A Piacenza la prima scuola italiana senza cellulare
Nel frattempo ha fatto notizia la decisione di una scuola paritaria di Piacenza, il liceo scientifico-sportivo San Benedetto, di adottare, a partire dallo scorso settembre, un sistema in grado di impedire in toto agli studenti l’uso del cellulare durante le lezioni, inclusa la ricreazione. Si chiama Yondr, arriva dall’America, e altro non è che una piccola sacca che può essere ermeticamente sigillata dall’insegnante all’inizio delle lezioni e sbloccata alla fine (con meccanismo tipo anti-taccheggio). “Siamo la prima scuola phone free d’Italia”, ha sottolineato il preside Fabrizio Bertamoni, “Le ricerche hanno dimostrato che la semplice presenza di cellulari nelle aule può avere un’influenza negativa sulla performance degli studenti.

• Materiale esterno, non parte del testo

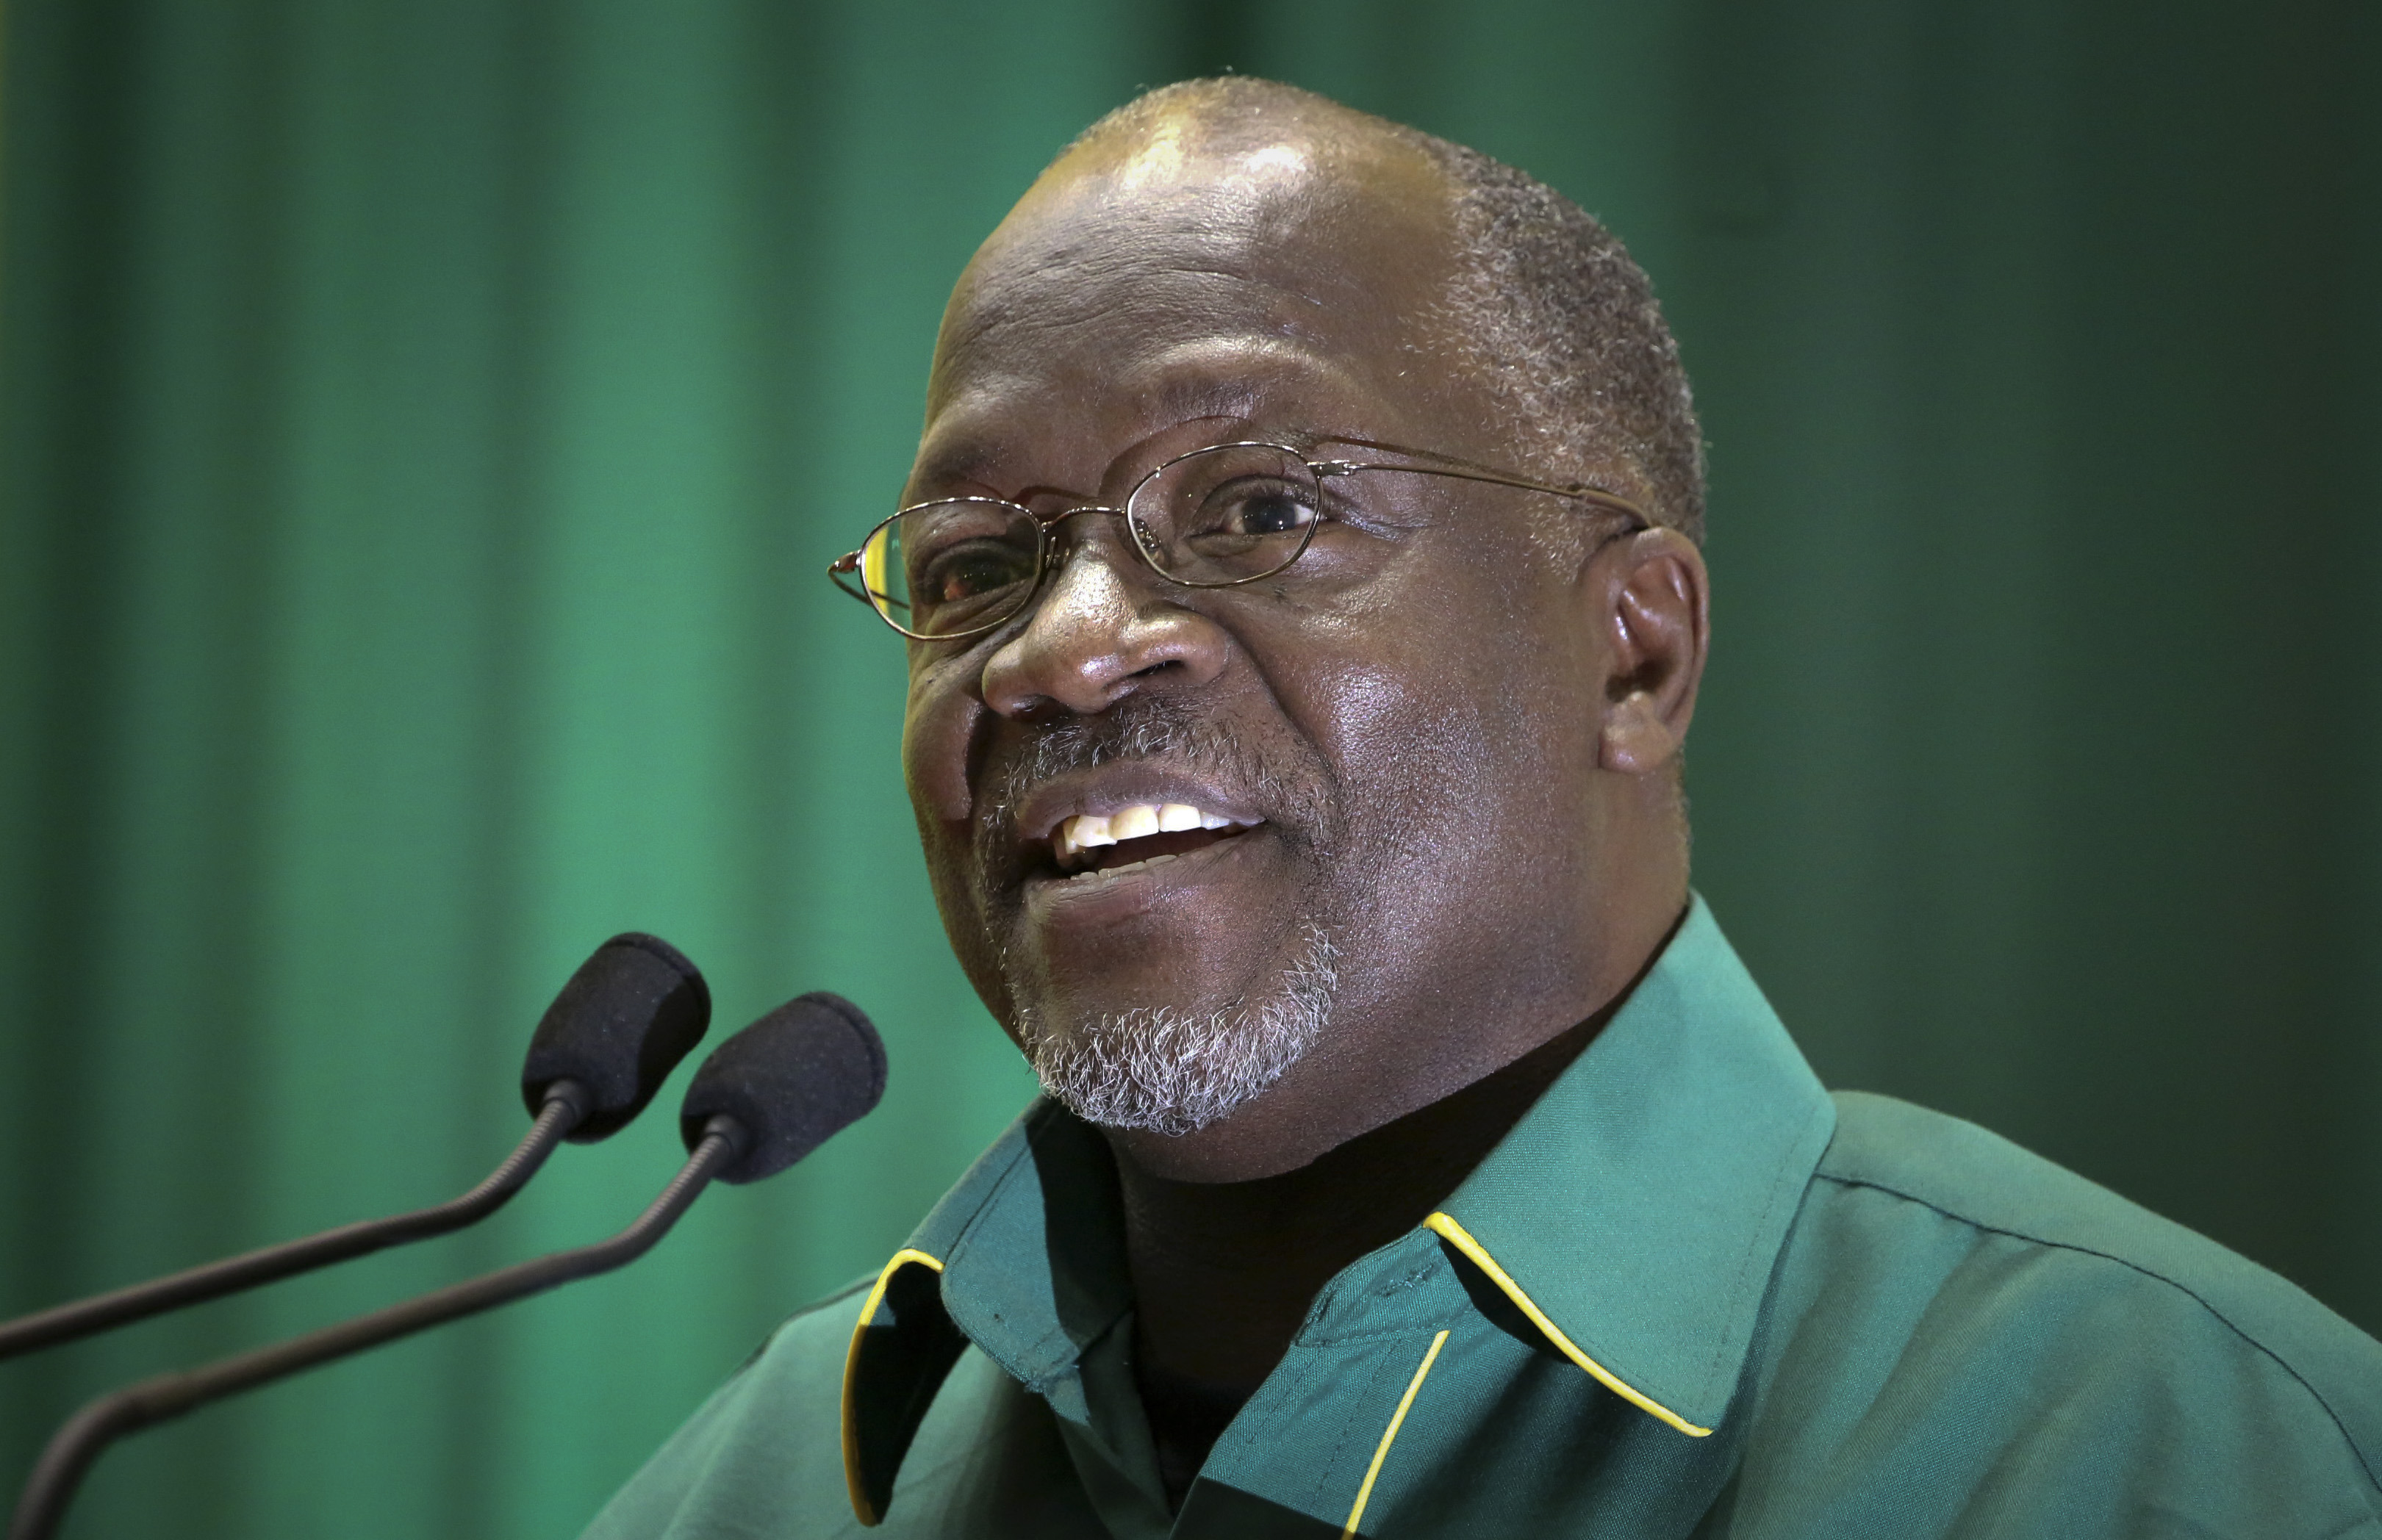 Tanzanian President Comes Under Fire for Pardoning Child Rapists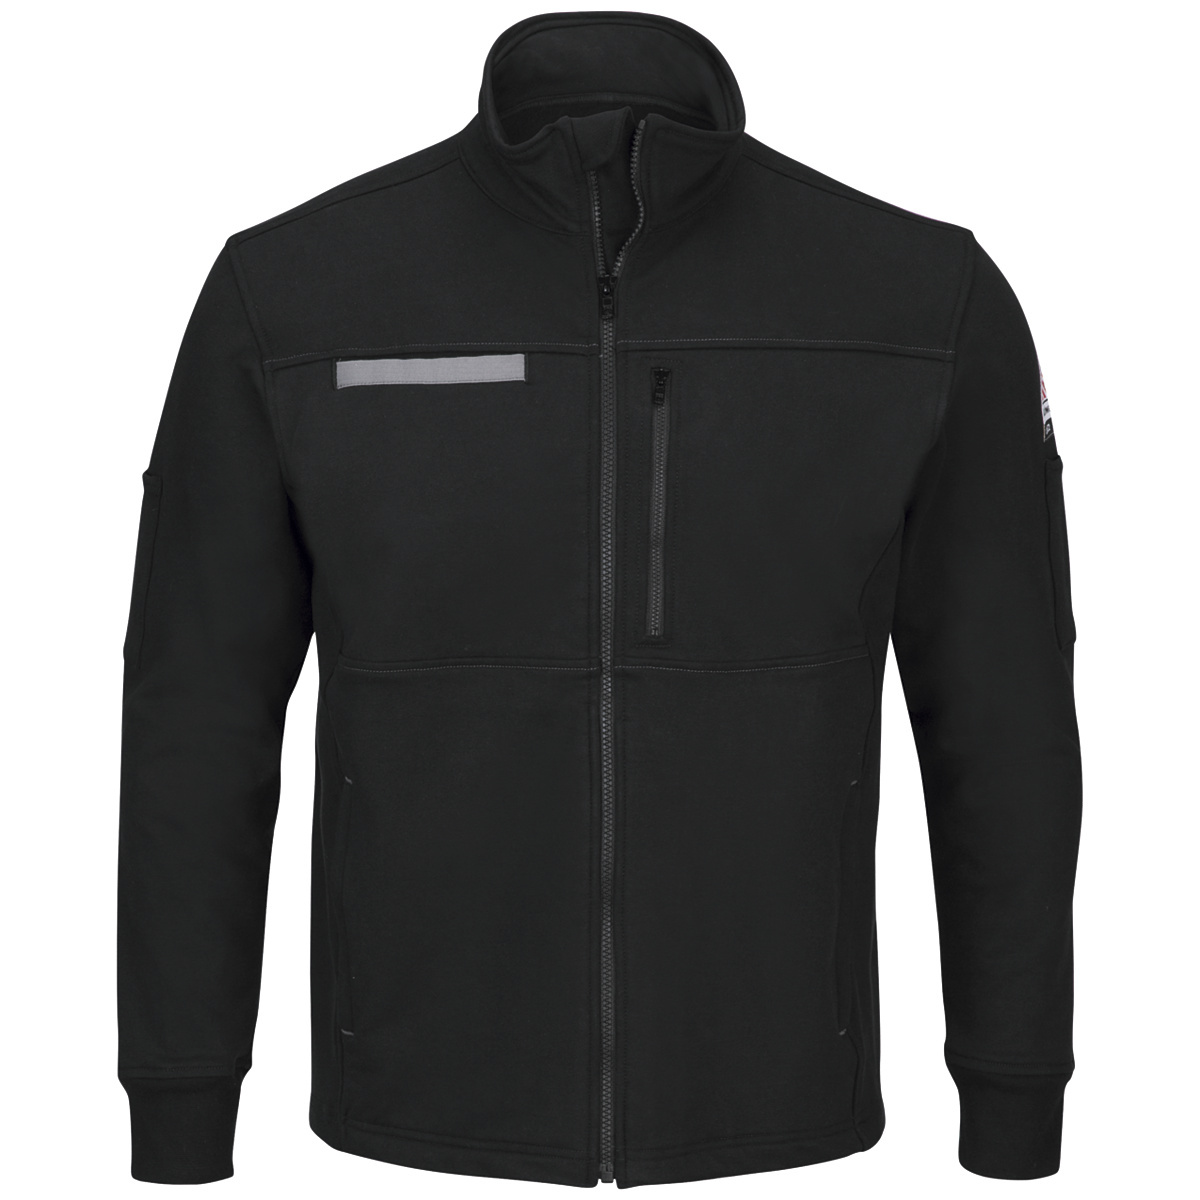 Bulwark® Large Tall Black Cotton/Spandex Flame Resistant Jacket With Zipper Front Closure

Il nostro obiettivo è incoraggiarli a relazionarsi tra loro: anche a scuola il rischio è che si isolino dietro ai loro telefonini”.
Ora resta da vedere quale sarà la posizione del nuovo governo e del neo ministro dell’istruzione Marco Bussetti sull’argomento e se proseguirà o meno nella direzione presa con le linee guida del precedente ministro o intraprenderà piuttosto una strada simile a quella presa dalla scuola piacentina.